In my “Strategies of Detection” paper, I dissect experimental practice into a handful of particular strategies that experimenters use. The skill aspect comes in when a particular scientist chooses a set of strategies for working with a particular instrument to perform a particular task. The degree to which these skills will be accepted/appreciated by others is apt to vary across an inhomogeneous audience, which historians can chart if it seems worthwhile (say, in the case of a particularly consequential experiment). However, historians may also use their own standards to evaluate an experimenter’s skill in selecting strategies, which may have nevertheless resulted in an incorrect result, or were not really celebrated at the time (as I argue with respect to Blackett and Occhialini’s identification of the prevalence of positrons in the cosmic radiation).

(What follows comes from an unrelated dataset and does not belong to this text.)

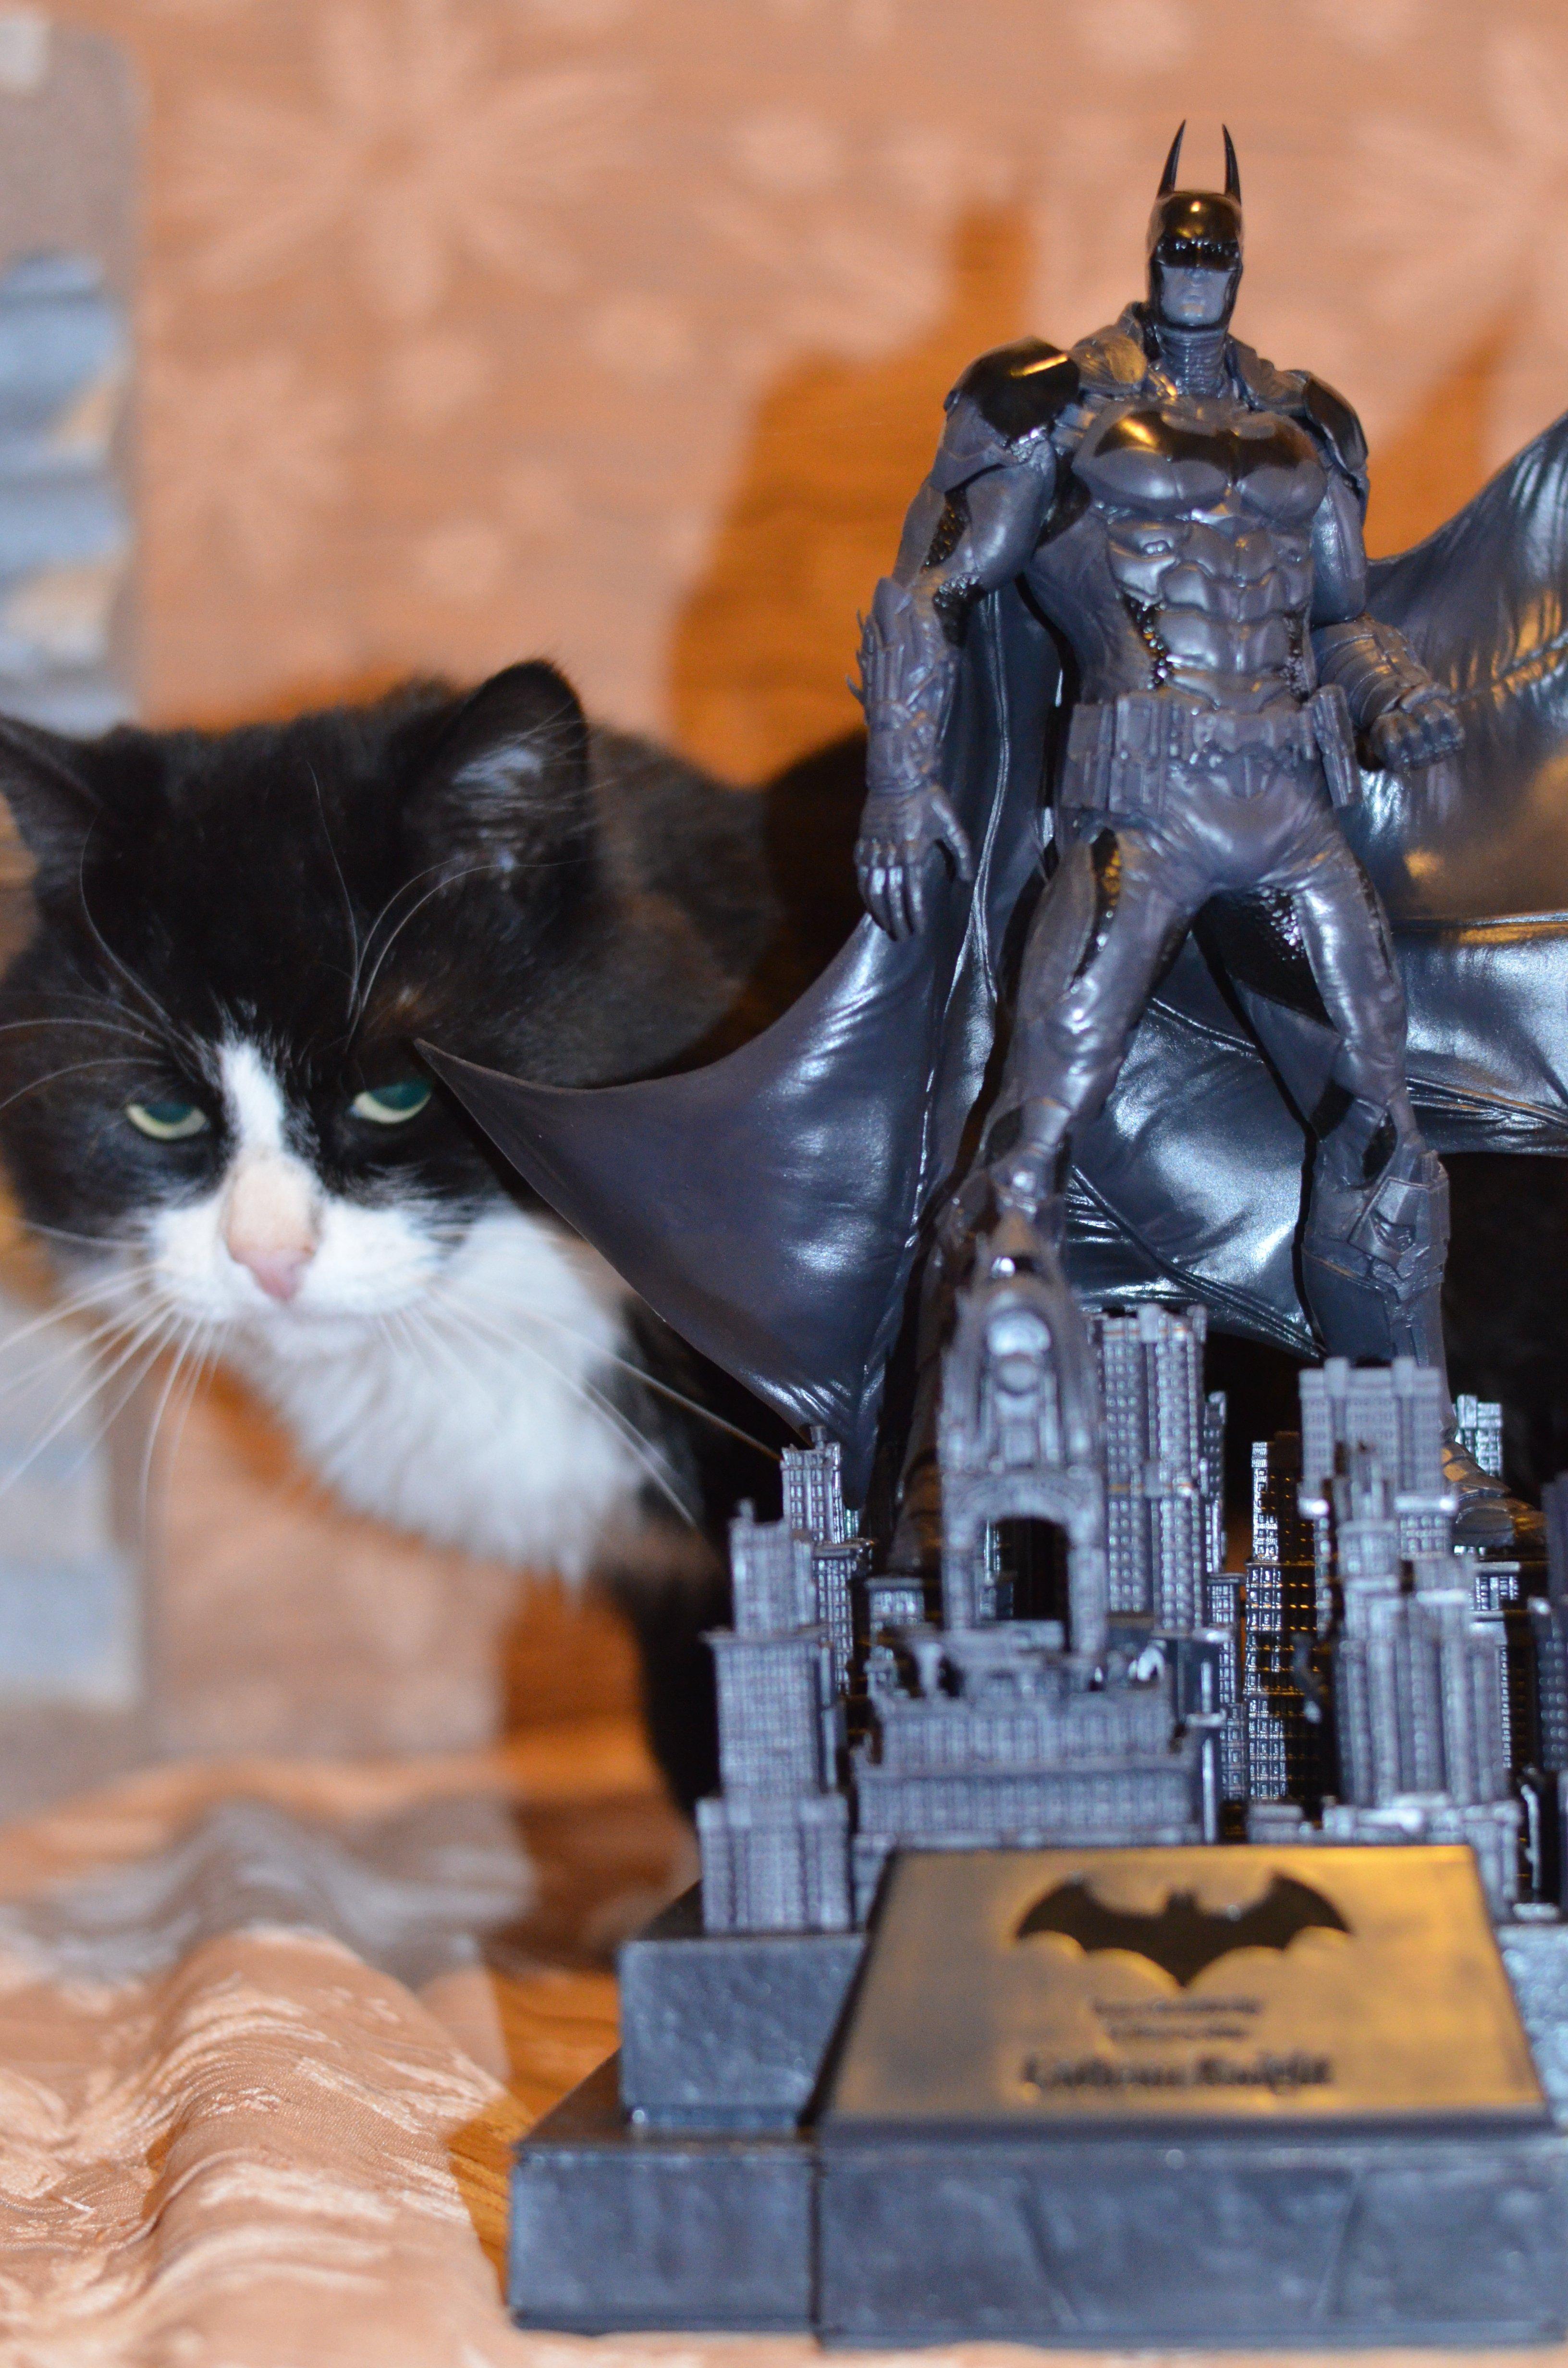 Анбоксинг Batman Arkham Knight limited edition (PS4) - Изображение 37

I don’t tend to treat these strategies as discrete techniques to be invented by a particular heroic individual (like, say, PCR from Paul Rabinow’s well-known study). Rather, techniques may grow in importance and sophistication through time from unremarkable beginnings. In the case of decay mode analysis, Powell certainly didn’t invent the idea (a decay mode of the muon/mesotron had been identified in a photo before the war), nor did he intentionally use it in identifying the pion (or, more precisely, the mass difference between the primary and secondary mesons in a spontaneous decay). However, it was in the wake of his group’s detection of the pion that decay mode analysis became a prominent strategy in particle detection.

So, what I’m saying, I guess, is that we don’t need to suppose a whig narrative or a heroic contribution by identifying skillful experimentation, but we do need to recognize that we are, of course, confining the definition of skill to the perspective of what Harry Collins would call a “core set”.

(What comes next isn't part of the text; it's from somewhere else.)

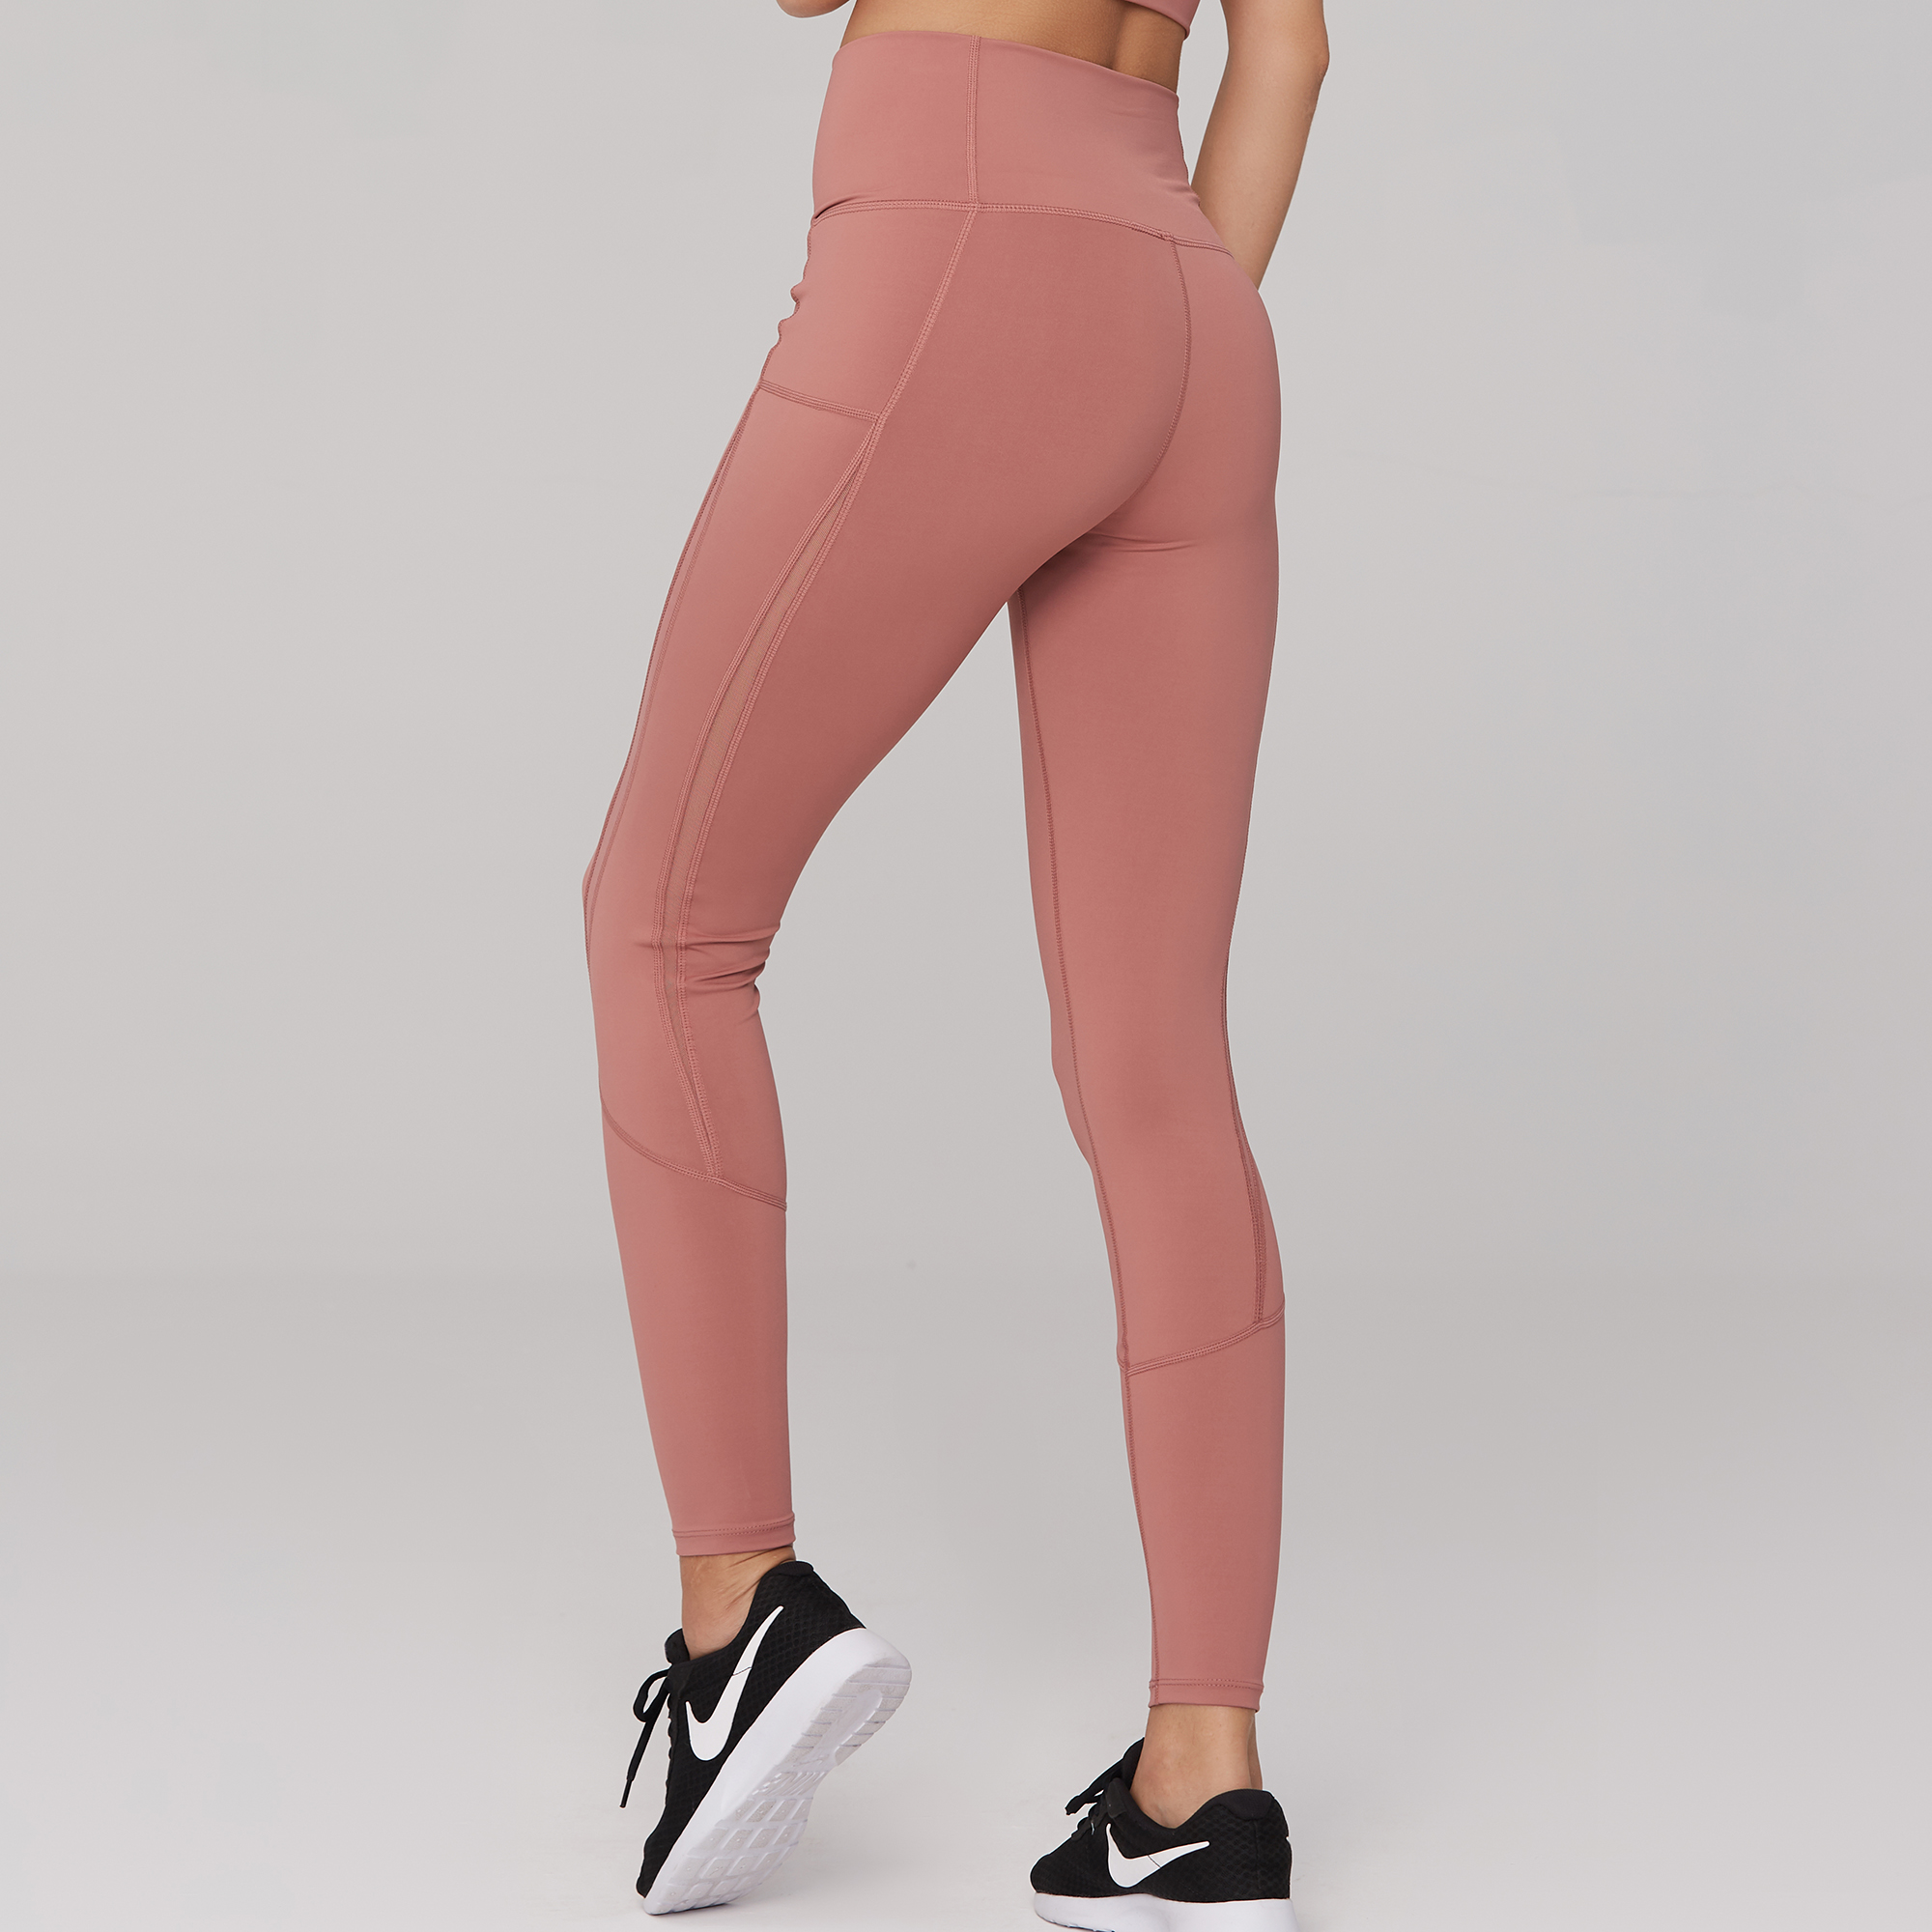 Custom high waist gym yoga pant womens fitness sport leggings фото

3. Michael Weiss - May 10, 2013

“…isn’t it the *job* of professional historians to problematize celebratory narratives?”

I think I detect a satiric edge, but I’m wondering — is this really the standard viewpoint among modern science historians? This strikes me as nearly as tendentious as the old cheerleading approach.

Or maybe ‘problematize’ doesn’t mean what I think it does.

“…a very good experimenter, it seems to me, will develop a good sense of understanding what sorts of things need to be measured to make useful contributions to a body of knowledge, what sorts of things can be measured to a useful degree of precision, and then being aware of and being able to marshal various available experimental resources to those ends.”

Nice description. With small modifications, it also describes a good theorist, or mathematician, or (for that matter) statesman.

Will Thomas - May 10, 2013

It is a bit satirical, but only a bit. I think historians would take “problematize” not to mean “invalidate” so much as it would mean “complicate” or “make to seem less inevitable”. In principle, this involves coming to a more thorough understanding of the factors leading to the acceptance of a particular point of view. Again in principle, then, a problematized narrative can lead to stronger understanding of historical actors’ accomplishments.

That said, problematized narratives often exist in tension with, or as a “corrective” to some baseline celebratory narrative, and therefore tend not to be celebratory themselves. Thus, while, in principle, a problematized narrative can lead to an epistemologically richer account, it usually involves highlighting a “social” component: the tacitly accepted idea, the trusted instrument, the rhetorical skill of scientists in their besting of opponents.